Heads up folks. I have some new details to pass along to you, and much of it is pretty woeful. To allay the fears of anyone concerned that Wilfully Obscure will be going offline, it wont. In fact, new posts are to follow, albeit less frequently. While the site is intact, every Rapidshare link was dismantled in one fell swoop this Sunday. I was not notified of this unprovoked "transition," and it wasn't until I logged onto the R/S homepage that I learned that something was terribly amiss. For the last five and a half years, I took advantage of the Swiss file sharing company's services, and for the bulk of that time was a paid "Pro-Rapids" member. Upon learning that my account was "locked" and that the rug had been pulled straight out from under me, I emailed them for an explanation. I received an utterly canned response this morning. Portions of it follow below:
to close accounts and delete all content.
Accounts which have been blocked for this reason will not be restored...
the locking of accounts, due to suspicion of
distributing copyrighted data through our service is handled manually.
In your own best interest, we strongly recommend that you make sure to
copyright infringements in the future.
I followed this up with both an email and a phone call to Switzerland. The customer service representative adamantly refused to let me speak to someone in the division that made this decision. As of now, I have no idea what files were in violation, who reported me, and worst of all I'm being denied any recourse. It is unclear if my files (over 1000 of them) have been deleted or not. I have not even been given private access to them, which is all the more frustrating.
I fear that any further email from my end will be met with blind eyes, but there is strength in numbers. If anyone would like to vouch for me (particularly folks in bands or those who own record labels that gave me permission to share any given piece of music) please email me and I will pass along details on how you can contact Rapidshare in my defense. Despite any amount of protest I know that I'm likely screwed. The obvious question is 'what next?' Over the years I have gone out of my way to ensure I wasn't sharing anything commercially available, physically or digitally, so who's to say this won't happen again if I opt to resume and rebuild? My policy has always been that if there's any possible instance I might be cheating an artist out of anything resembling earnings or royalties, it's not fit to be published or disseminated on this blog.

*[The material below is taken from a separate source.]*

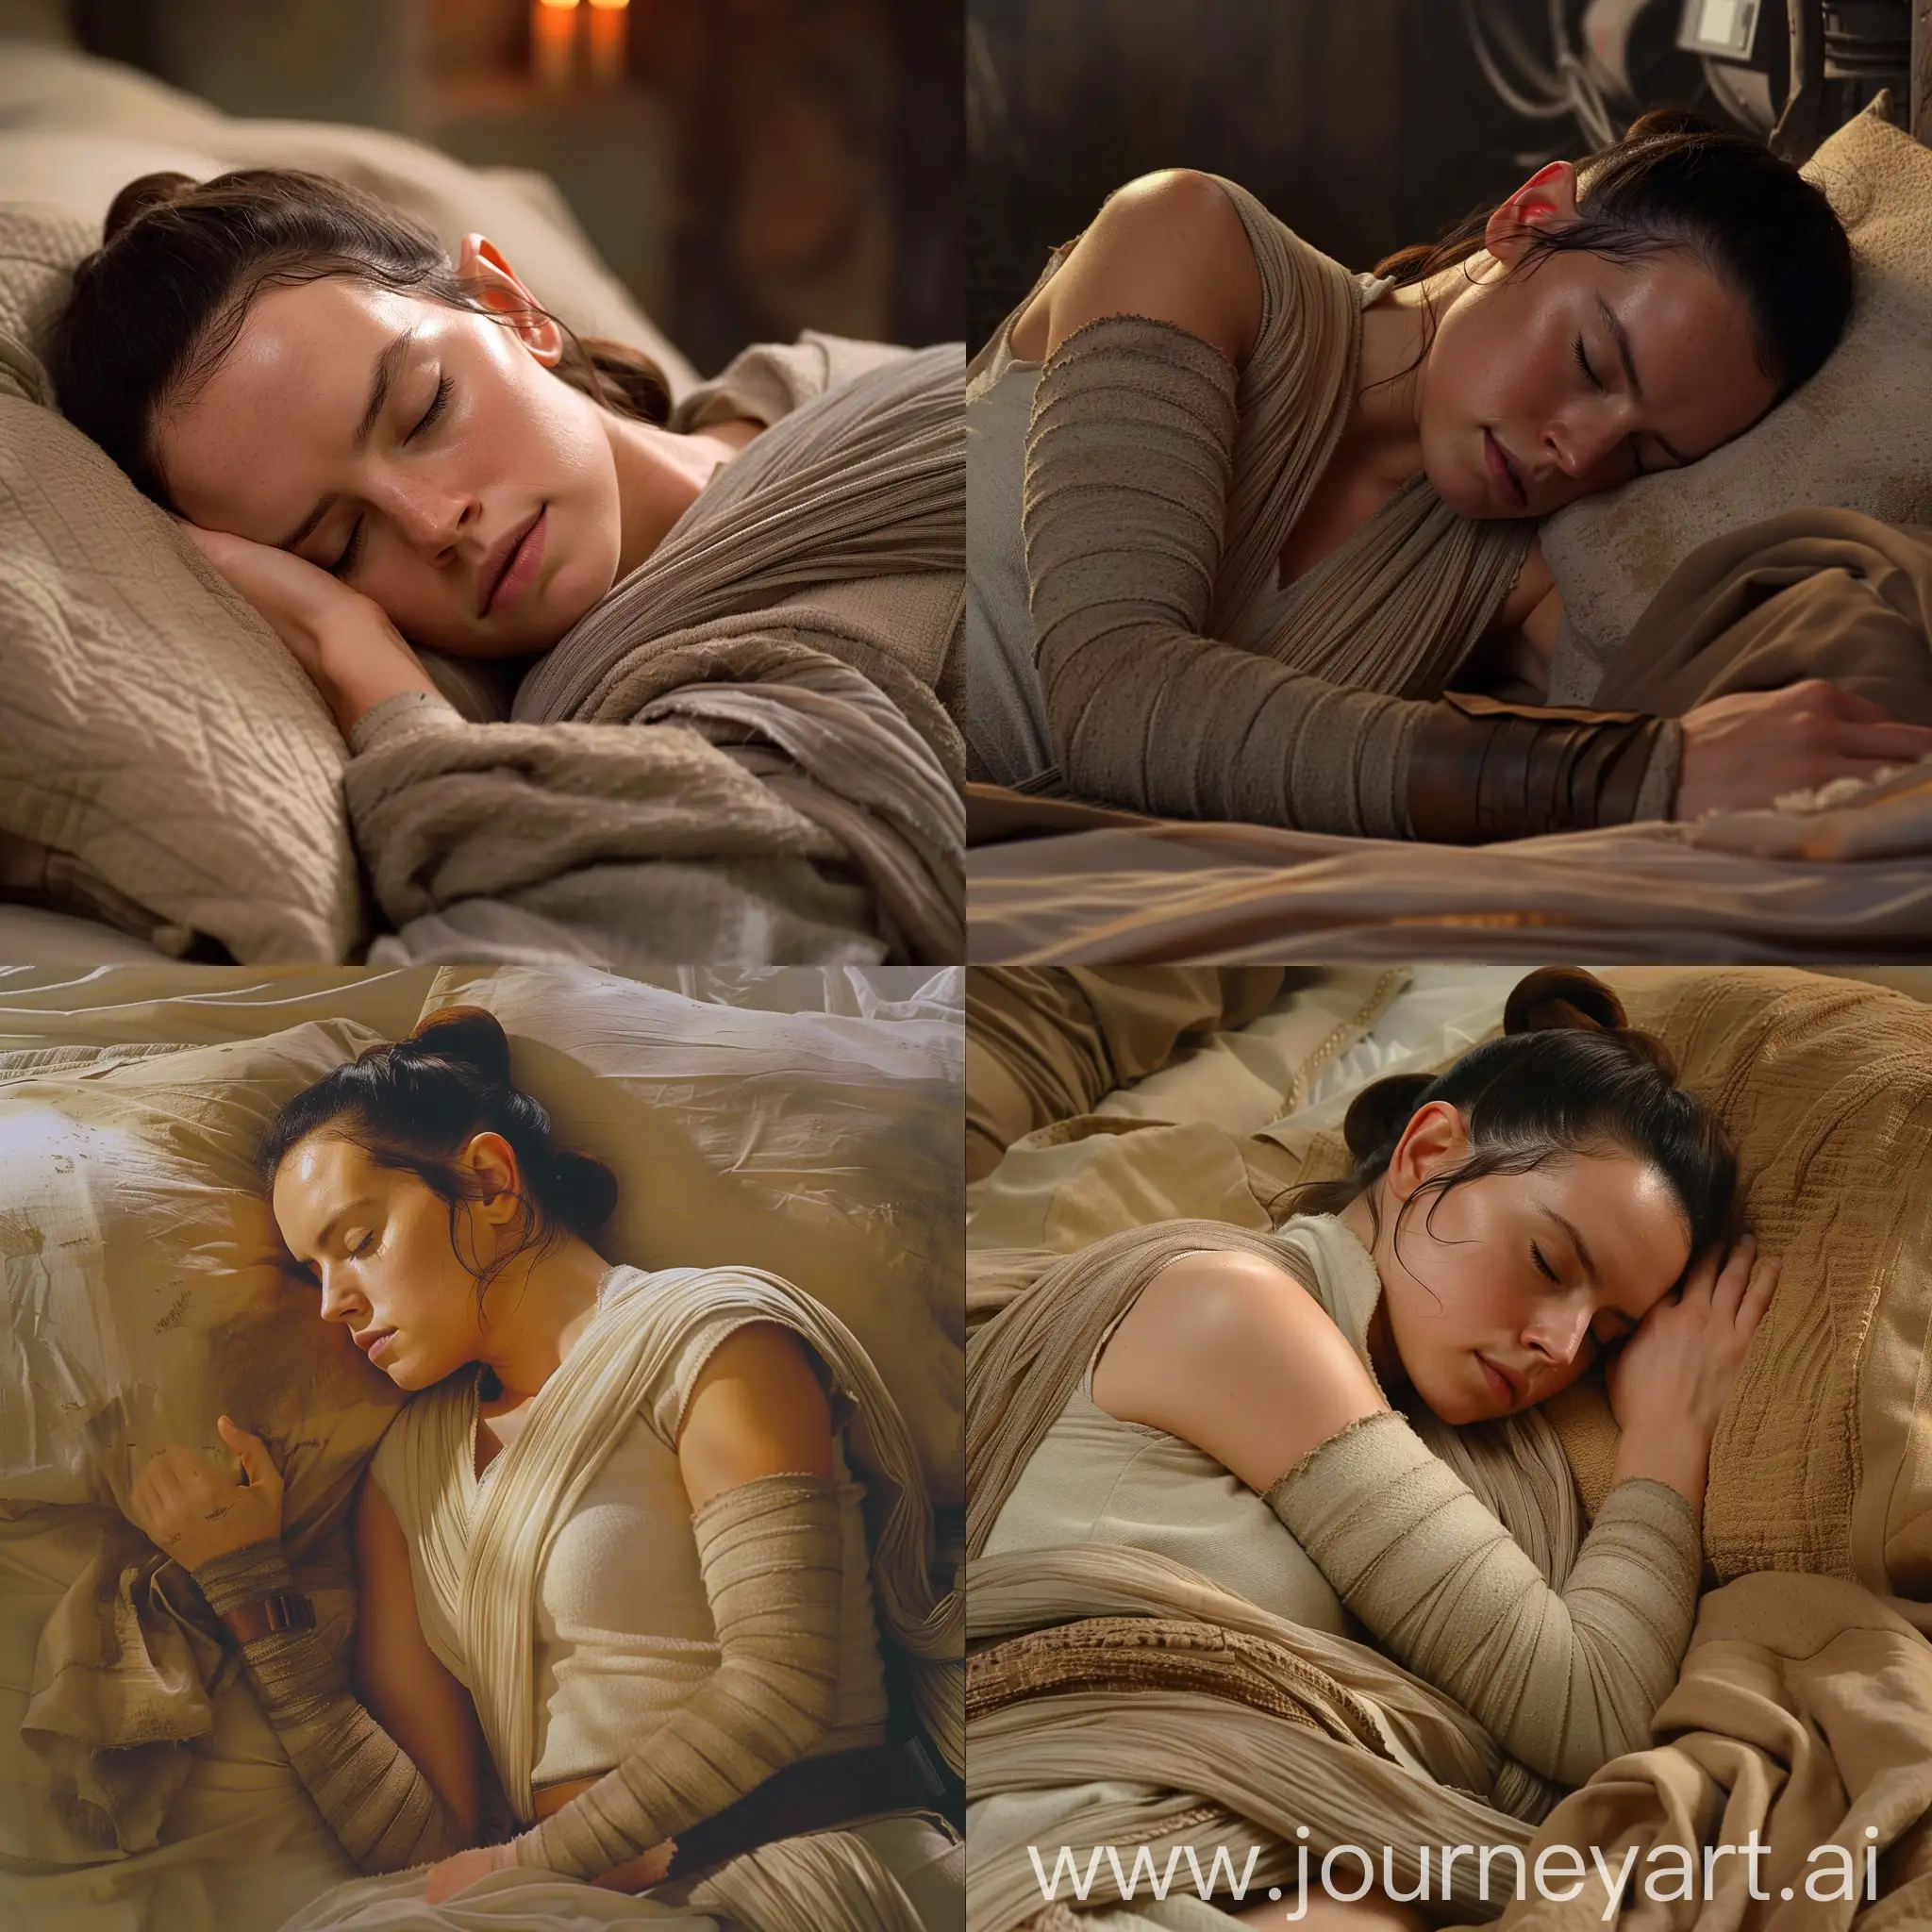 Rey-from-Star-Wars-Sleeping-in-Bed

Rapidshare had provided such a reliable and consistent service for the entirety of Wilfully Obscure's run. Certainly, there are other options - Netkups (which I'm taking limited advantage of), Sendspace, Divshare, Zippyshare, and likely a dozen more, but I'm opening myself up to just as much vulnerability. All it takes is one complaint, one DMCA notification, or the ill-advised discretion of some trigger happy moderator at one of these file sharing joints.
Nonetheless, as long as I stay online, much of what was lost will be coming back, just not all of it. This will be a very long term project. If anything else, over the next week or two I'm going to attempt to restore what I've shared in the last couple of months. After that, I'm not promising anything. You're welcome to make a polite request, and I'll do my best to fulfill it. Above all else, I would appreciate your feedback on how you think it would be best for me to proceed. A hearty thanks to anyone that's contributed to and read these pages. Keep it lit.
Well, the whole Rapidshare mess remains thoroughly unresolved, so in the meantime all future entries will direct you to a d/l link with an alternate file hoster. In short, any link with a netkups addy should still work.
It's difficult to say who among the throngs of talented indie guitar-pop outfits that called Perth, Australia home in the mid-80s onward was "king" so to speak. Take your pick - DM3, Stems, Triffids, Early Hours, and Marigolds amongst the most preeminent of the bunch. As luck would have it, Dom Mariani who headed the first two of that lot I just rattled off, hooked up with Kim Williams (formally of the Holy Rollers) for what was to be a brief one-off recording session in '86 that ultimately yielded a new life force of it's own in the shape of the Summer Suns. Mariani, having had his day in the Sun, left the band not long after they had gestated, leaving Williams as CEO. Once referred to as a "revolving door for Western Australia's premiere pop musicians" due to ever shifting lineups, the Suns shined more resplendent jangle than garage-addled angst, and I wouldn't have done it the other way around. Right up until the mid-90s, Williams and Co. recorded for such iconic indie imprints as we Get Hip, Bus Stop, Parasol and Waterfront, leaving behind an album, two eps and roughly a half-dozen singles. Greatest, as it's title capably implies, is a creme de la creme compendium, entailing roughly 60-70% of the Summer Suns discography. Limited to a CD pressing of 1000 copies, it quickly sold out a few years ago, but fear not, it's available here and now, ready to regale you with such diamonds as "She Understands," "Brighter Than the Sun," and "Ash and Cinders."
01. Thank You Holly
02. Ash and Cinders
03. Why SayNo
04. She Understands
05. Another Carrie Anne
07. The Angel Angeline
08. Brighter Than the Sun
09. Why I Fell
10. Politics of Love
11. All for Her
12. Love in Stone
13. In Your Eyes
14. Waiting for My Love
17. Rachel Anne
18. Girl in a Mexican Restaurant
19. All Away
20. Hey Little Sister
22. Run Like Hell
It appears Rapidshare has put a "lock" on my account, and as of right now, no download links are active. Not sure what this means yet, but I hope to have this straightened out soon. Sit tight, and wish me luck.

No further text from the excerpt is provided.